Genellikle istismar, kazalar veya travmatik olaylara tanık olmak gibi üzücü deneyimlerden kaynaklanan travma, derin duygusal yaralar bırakabilir. Bu yara izleri, dikkat edilmediği takdirde bireylerin teselliyi maddelerde veya bağımlılık yaratan davranışlarda aramalarına yol açabilmektedir. Travmanın her insanda farklı şekilde ortaya çıktığını, travma ile bağımlılık arasındaki bağlantıyı incelikli hale getirdiğini kabul etmek çok önemlidir.
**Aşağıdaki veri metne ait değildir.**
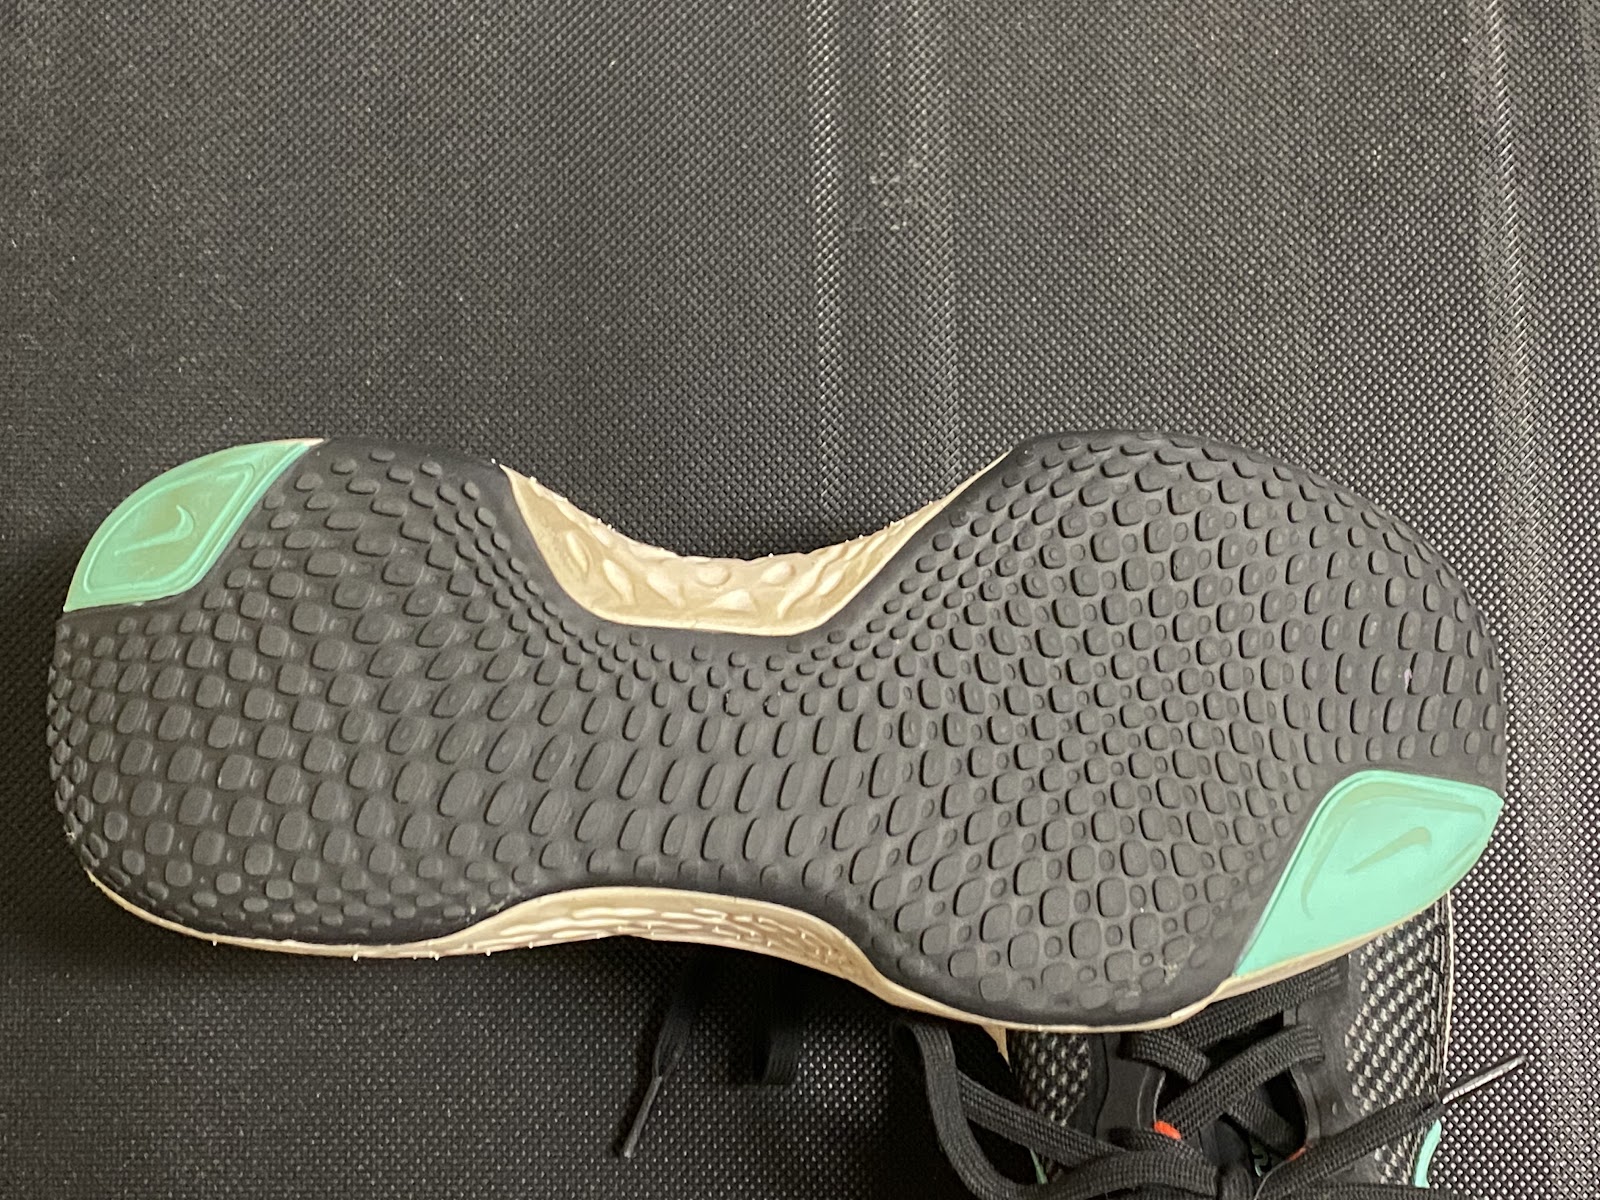 Road Trail Run: Nike ZoomX Invincible Run Fk 125 Mile Review and Durability  Update

Araştırmalar, travma sonrası stres bozukluğu (TSSB) ile madde kullanım bozukluğu (SUD) arasında önemli bir bağlantı olduğunu ortaya çıkarıyor ve bu koşullar arasındaki karmaşık ilişkinin altını çizmektedir. Çeşitli çalışmalar TSSB’si olan bireylerin diğer zihinsel sağlık bozukluklarının yanı sıra madde bağımlılığı sorunları geliştirme riskinin de yüksek olduğunu ortaya çıkarıyor.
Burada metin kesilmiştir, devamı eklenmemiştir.